Countercurrent and concurrent exchanger?

[sameeralord]

Hello everyone,

I searched the net but I don't understand the difference.

BLO0D FLOW ---------------------------------->
0% .......… saturation
0% .......… saturation
WATER FLOW <-------------------------------

Countercurrent

BLO0D FLOW ---------------------------------->
0% .......… saturation
100%........… saturation
WATER FLOW --------------------------------->

Concurrent

I understand how equilibrium would be reached in concurrent but I don't understand how counter current maintains a concentration gradient. Please explain in simple language. Also if you can explain the above diagrams, I got it from net I don't understand them much. Thanks

 

[Andy Resnick]

Those diagrams don't make too much sense...maybe the concurrent (simple exchange), but the countercurrent should look like:

BLOOD ----------------->
0%---------------> 90%
10%-------------> 100%
WATER <-----------------

It's clear from the above that along the length of the tubes, there is flow from the higher to the lower.

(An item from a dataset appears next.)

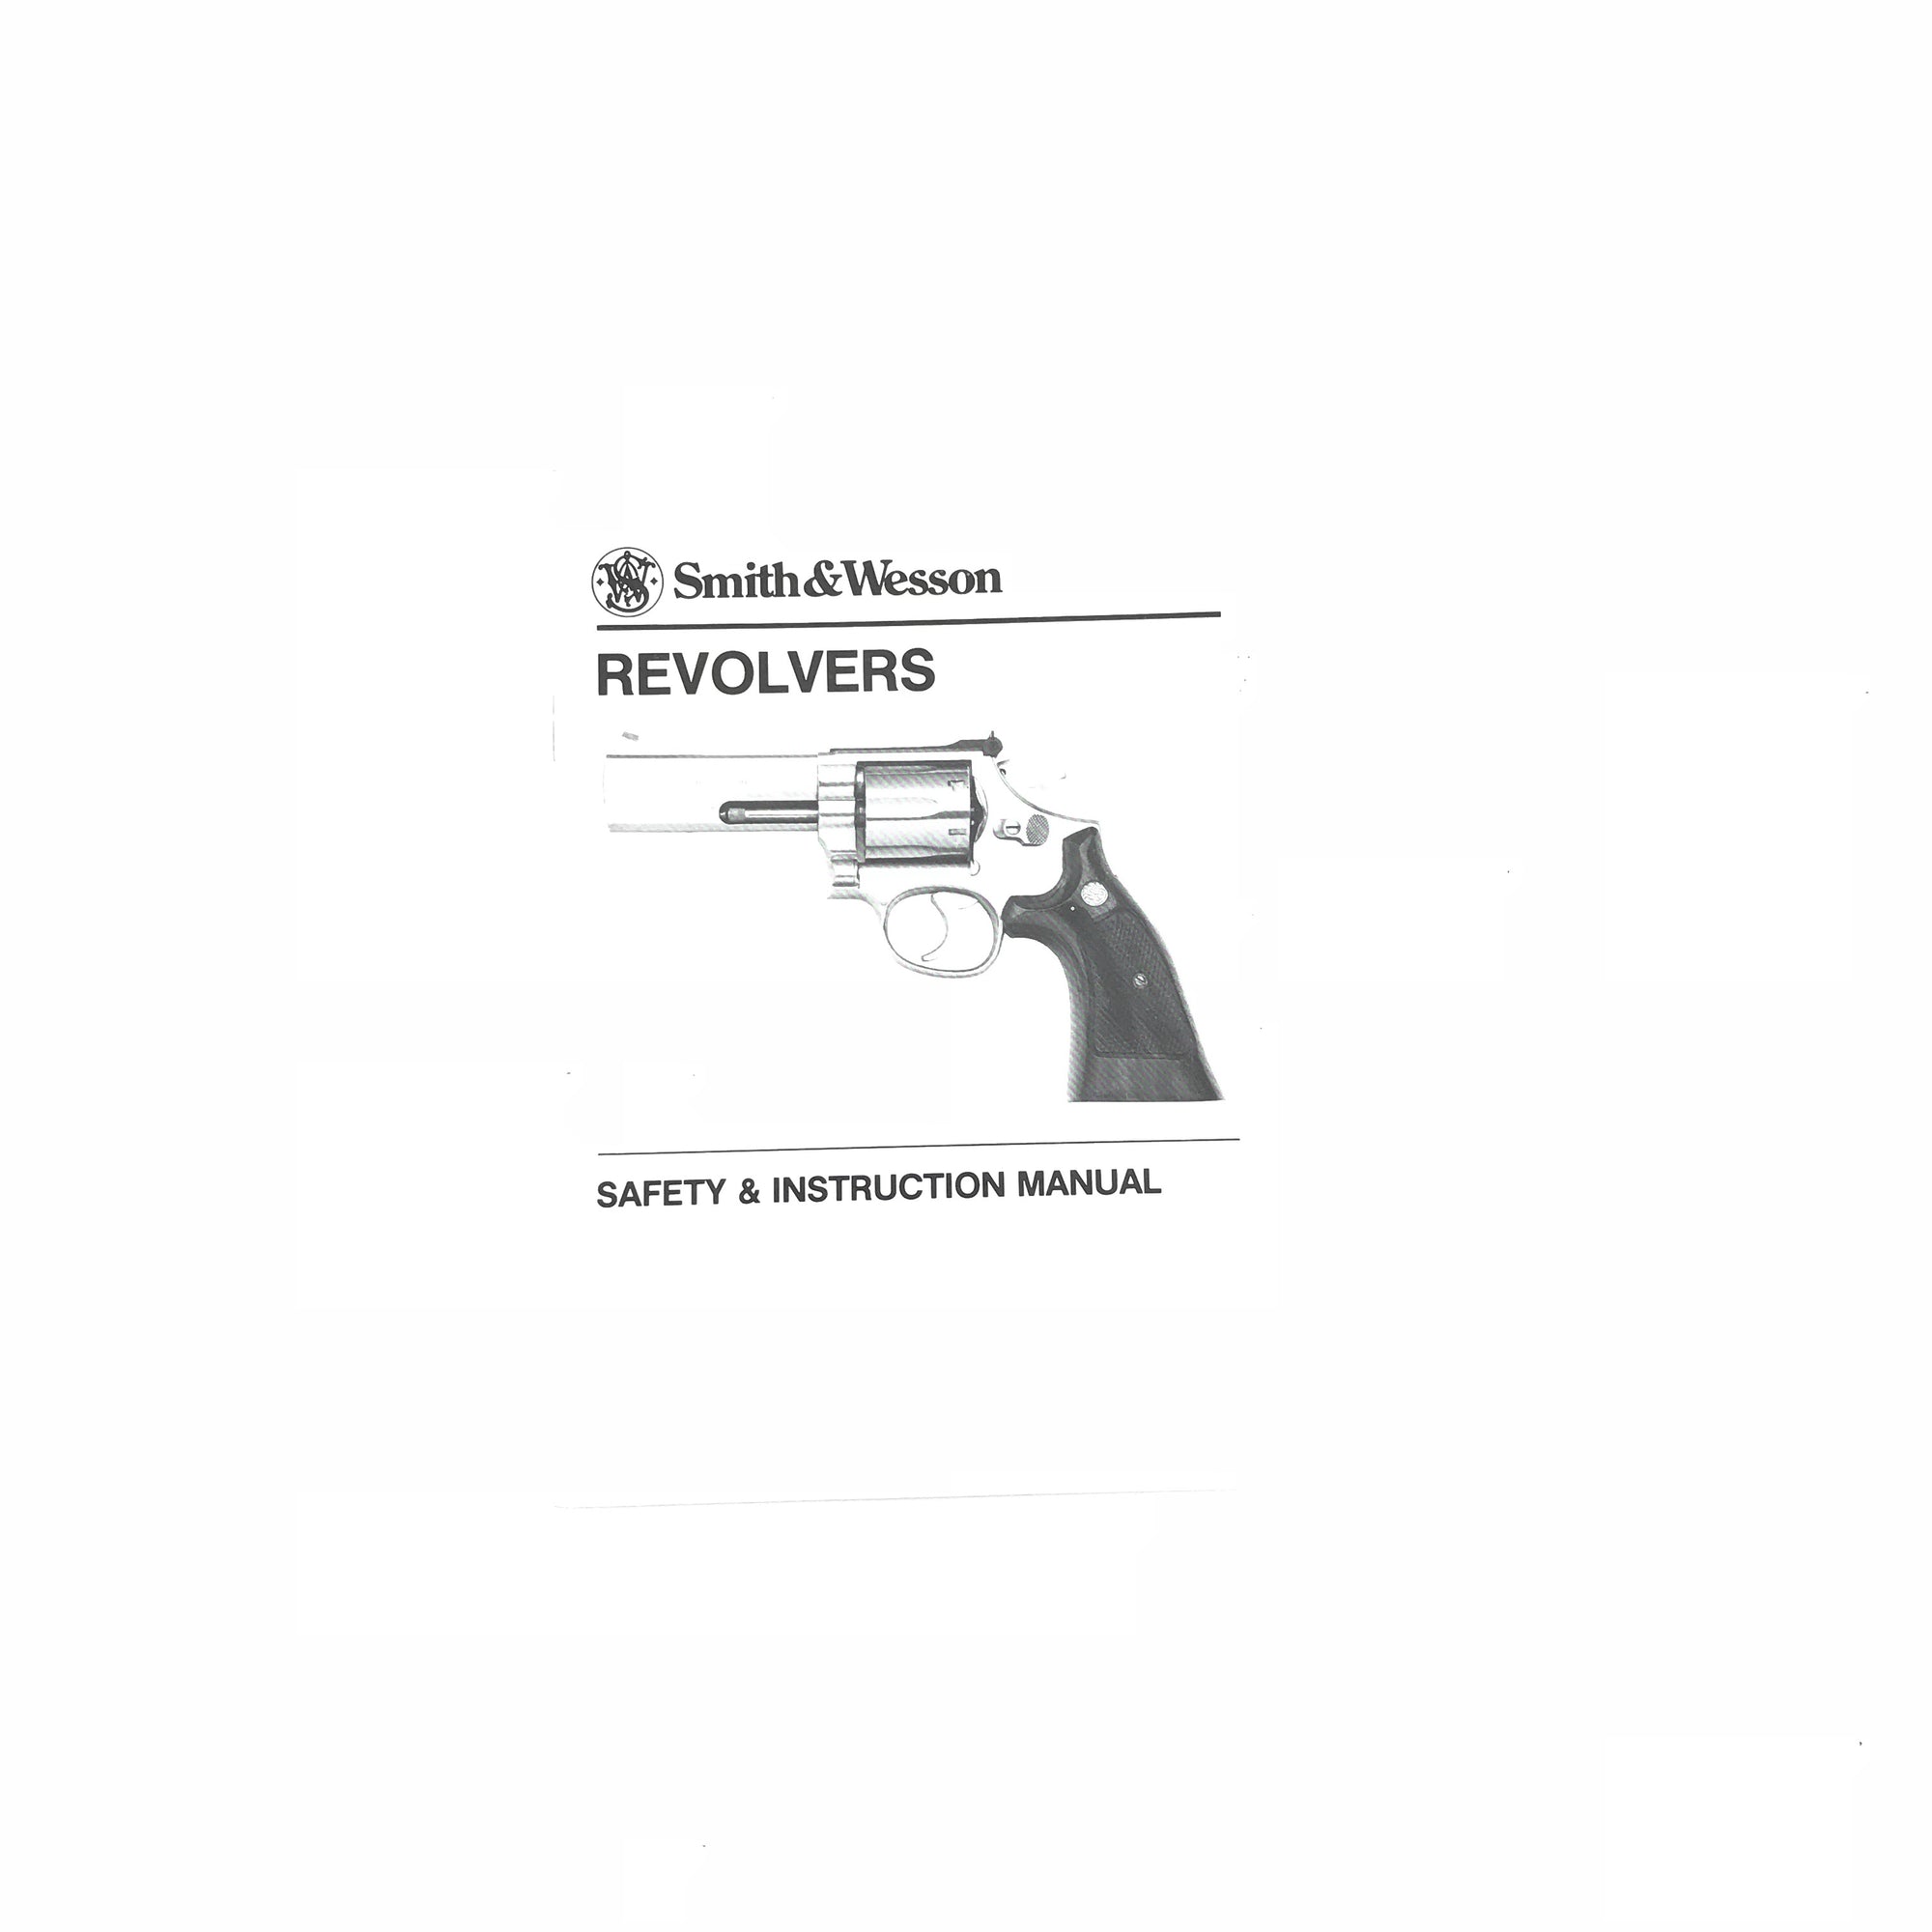 Smith & Wesson Revolvers - Safety & Instruction Manual

Now, in the kidney, the tubes form a loop, with high osmolarity in the medulla:

->600 mOsm-------->1200 mOsm----------->600 mOsm--->

And this allows for the supply of blood to the medulla without altering the high osmolarity of the medulla (which would abolish the urine concentrating mechanism).

The mechanism of the countercurrent multiplier refers to the active transport of salt out of the loop of Henle into the vasa recta. This amplifies the small gradient between the limbs to create a large gradient along the length of the limb of the loop.

 

[sameeralord]

Those diagrams don't make too much sense...maybe the concurrent (simple exchange), but the countercurrent should look like:

BLOOD ----------------->
0%---------------> 90%
10%-------------> 100%
WATER <-----------------

It's clear from the above that along the length of the tubes, there is flow from the higher to the lower.

Now, in the kidney, the tubes form a loop, with high osmolarity in the medulla:

->600 mOsm-------->1200 mOsm----------->600 mOsm--->

And this allows for the supply of blood to the medulla without altering the high osmolarity of the medulla (which would abolish the urine concentrating mechanism).

The mechanism of the countercurrent multiplier refers to the active transport of salt out of the loop of Henle into the vasa recta. This amplifies the small gradient between the limbs to create a large gradient along the length of the limb of the loop.

Thanks a lot for the response Andy Your answer is just what I need but I'm finding it difficult to understand.

0%---------------> 90%
10%-------------> 100%

Could you please tell me how to get those values and what is this the percentage of? Please excuse my poor understanding in this area.

 

[Andy Resnick]

The numbers are placeholders; the material I referred to draws an analogy with thermal transport. Silbernagl and Despopoulos "Color Atlas of Physiology" (Thieme) is as close to an ideal reference as I have seen.